Try putting .html at the end of that. Some older browsers dont automatically fill it in for you.


----------



## brendandonhu (Jul 8, 2002)

Ohh, I thought they were talking about my link.
Your link isn't working for me, even with .html at the end.


----------



## jrnetwork (Aug 10, 2005)

Im sorry. I didnt notice. Its www.sbc.com/dsl not yahoo. Try that


----------



## brendandonhu (Jul 8, 2002)

That's better


----------



## Lorusso (Dec 28, 2004)

I hate it. I disconnect at least 20 times a day(not kidding), and sometimes for over 15 minutes. Its rather annoying!


----------



## Tapeuup (Apr 6, 2005)

Lorusso said:


> I hate it. I disconnect at least 20 times a day(not kidding), and sometimes for over 15 minutes. Its rather annoying!


is your modem set away from everything? best if set away by itself if poss, away from other electrical items that may cause interference, also do you have a line filter installed on your phone line?


----------



## DeaconX (Aug 23, 2005)

well i am a phone tech for SBC in florida. i work for a departement called Support Plus i can honestly say it really isnt that bad. for lorusso let me guess you have a Speedstream 5100b (Five total lights on your modem).


----------



## CFLager (Mar 31, 2005)

I have had SBC DSL for over 3 years and have had no connection problems. :up: I currently pay $19.95 for the 1.5 connection with a 1 year contract.

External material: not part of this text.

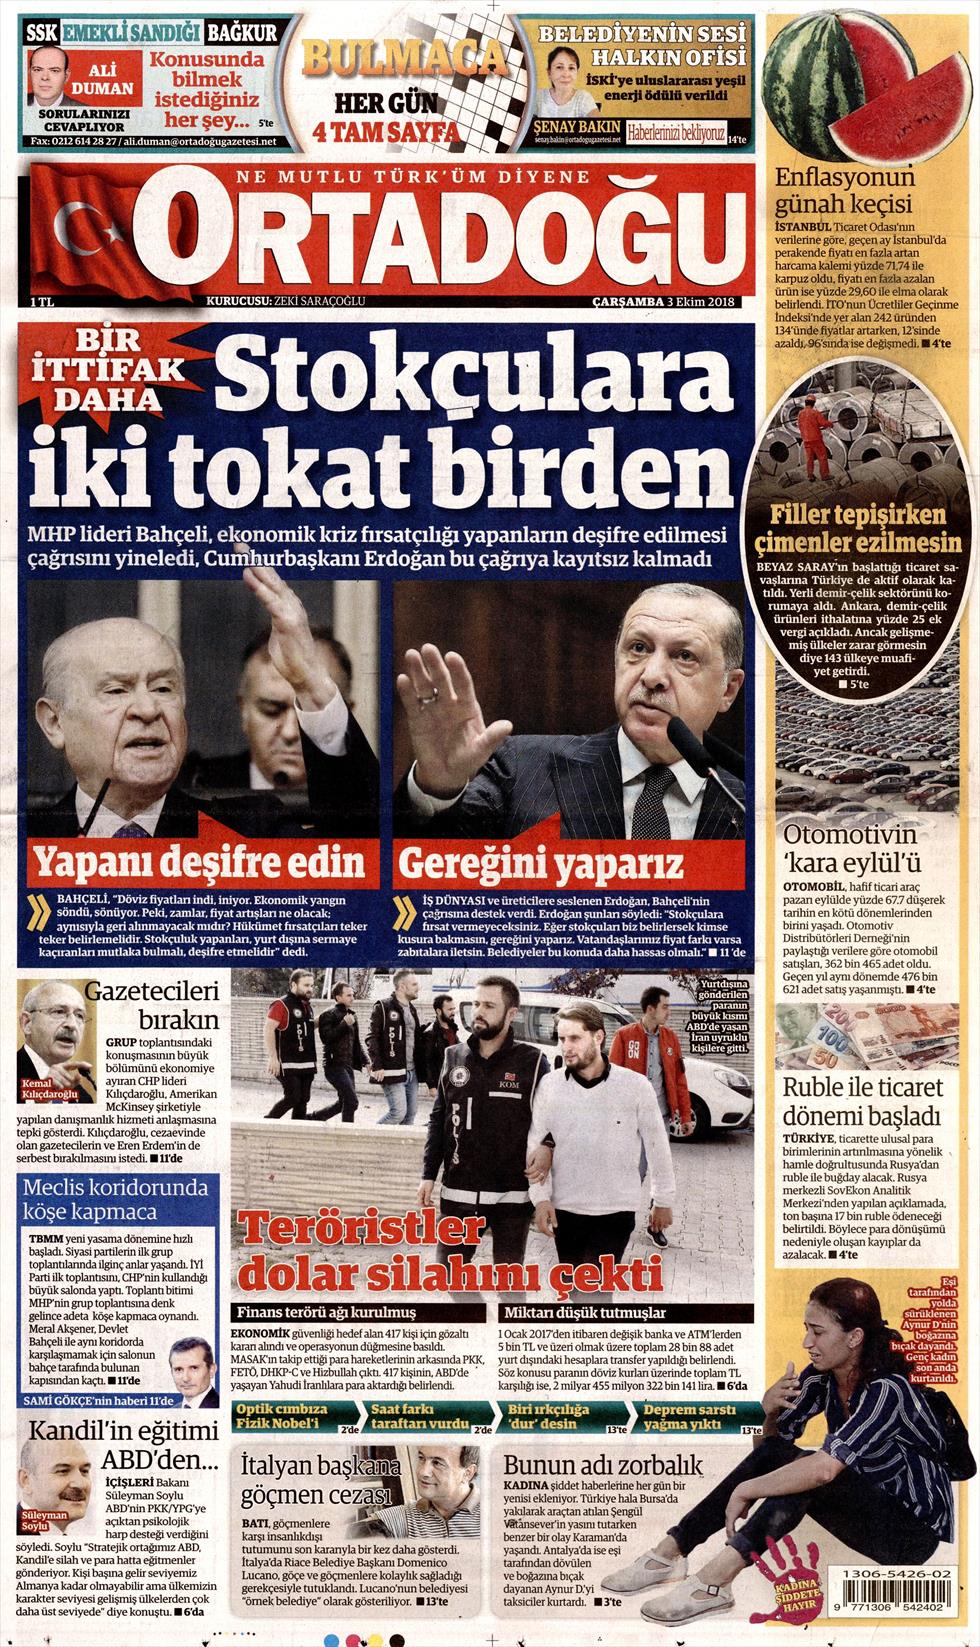 /data/newspapers/ortadogu.jpg

The only real problems that I have had is when installing their online protection package, especially "All-in-One Security Dashboard." Before that I believed that Norton had the worst security product around. :down: It was aggravating to get it out of my comp. 

Also be aware that their EnterNet software can be tweaked to free up resources
and their "Self Support Tool" is junk. 

I think that SBC should spend some money on good code writers.


----------



## 2praisehim (Jun 7, 2005)

Well, we connected this week and it is great. The only thing I'm not sure about is if we are connected to the Internet all the time. We have the SpeedStream 4100 I believe. We have to connect to Yahoo with a prompt but it seems to retrieve e-mail in Outlook Express whenever we open the program. The SBC software installed fine and the speed is so much better than our previous Dial-Up. Thanks to everyone who has responded to this thread.


----------



## DeaconX (Aug 23, 2005)

well you dont have the 4100 then or its not set up correctly. or outlook isnt set up correctly which is very possible too. email me at [email protected] and ill be able to figure it out because i work with them for their paid support. ill prolly look at your email the next time i go to work on sat.


----------



## !shitani (Oct 1, 2005)

CFLager said:


> and their "Self Support Tool" is junk.
> 
> I think that SBC should spend some money on good code writers.


yup it is. but for the average consumer, its great.

sbc doesnt have code writers. the online protection dashboard program was written by the fine folks at yahoo. sbc just provides the portal to the net. yahoo provides the content.


----------